Question #4e56f

Jun 19, 2016

$\int {x}^{2} \mathrm{dx} = {x}^{3} / 3 + C$

Explanation:

Integrating any power of $x$ (such as ${x}^{2}$, ${x}^{3}$, ${x}^{4}$, and so on) is relatively straight-forward: it is done using the reverse power rule.

Recall from differential calculus that the derivative of a function like ${x}^{2}$ can be found using a handy shortcut. First, you bring the exponent to the front:
$2 {x}^{2}$
and then you decrease the exponent by one:
$2 {x}^{2 - 1} = 2 x$

Since integration is essentially the opposite of differentiation, integrating powers of $x$ should be the opposite of deriving them.
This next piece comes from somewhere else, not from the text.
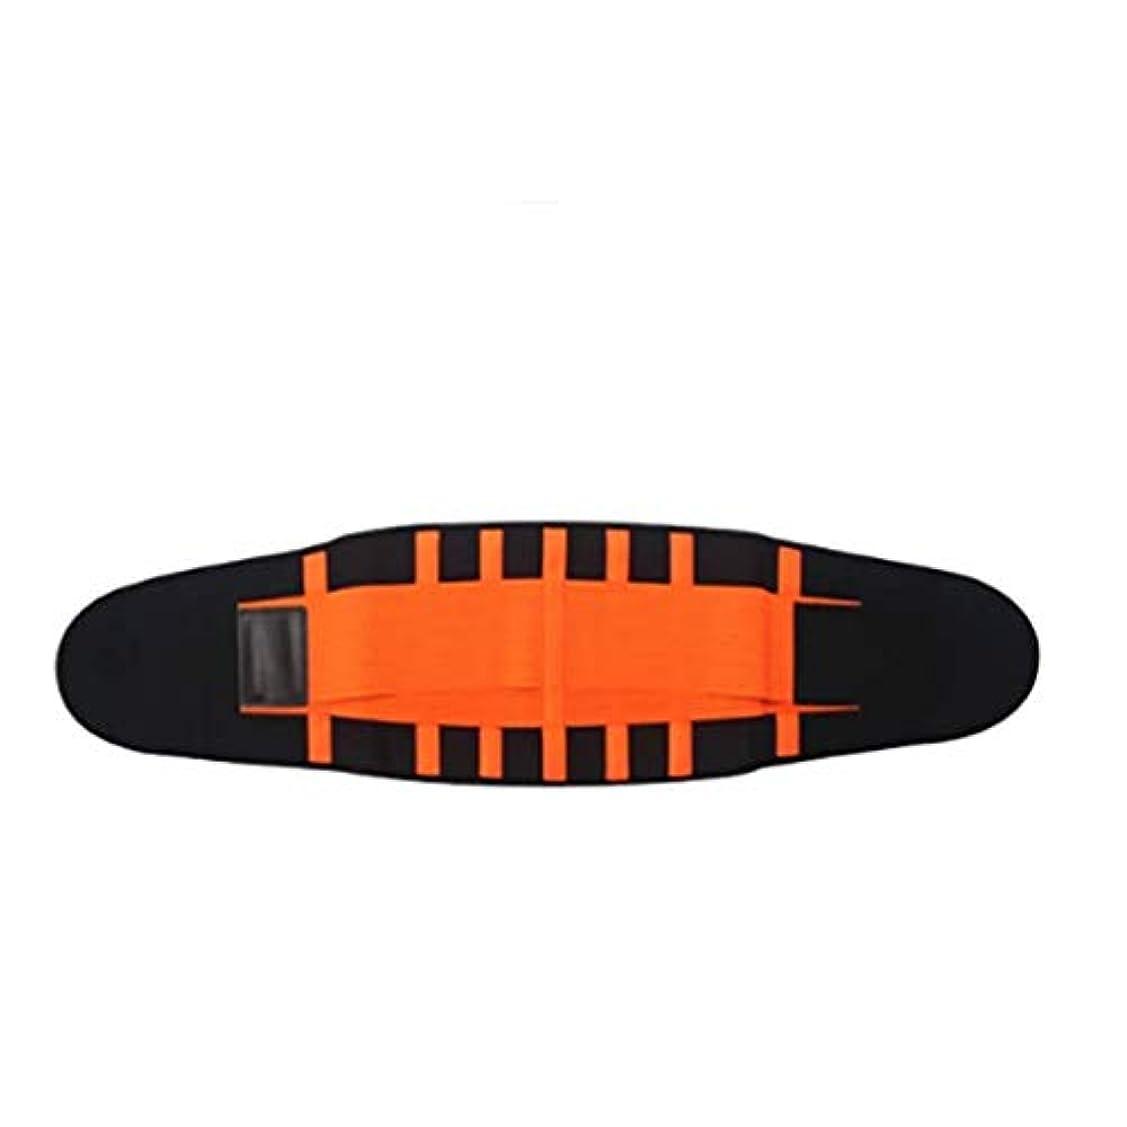 メーカー素晴らしい良い多くのバンクフィットネスベルト、ウエストベルト、椎間板腰椎筋肉の緊張、コールド、腹部暖かいウエスト、ウエストの保護、腹部ベルト、産後/スポーツ/フィットネス (Size : XL)

To make this more clear, let's write down the steps for differentiating ${x}^{2}$:
1. Bring the exponent to the front and multiply it by $x$.
2. Decrease the exponent by one.

Now, let's think about how to do this in reverse (because integration is reverse differentiation). We need go backwards, starting at step 2. And since we're reversing the process, instead of decreasing the exponent by $1$, we need to increase the exponent by $1$. And after that, instead of multiplying by the exponent, we need to divide by the exponent. So, our steps are:
1. Increase the power by $1$.
2. Divide by the new power.

Therefore, if we need to integrate ${x}^{2}$, we increase the power by $1$:
${x}^{3}$
And divide by the new power:
${x}^{3} / 3$

All that's left is to add a constant of integration $C$ (which is done after every integration), and you're finished:
$\int {x}^{2} \mathrm{dx} = {x}^{3} / 3 + C$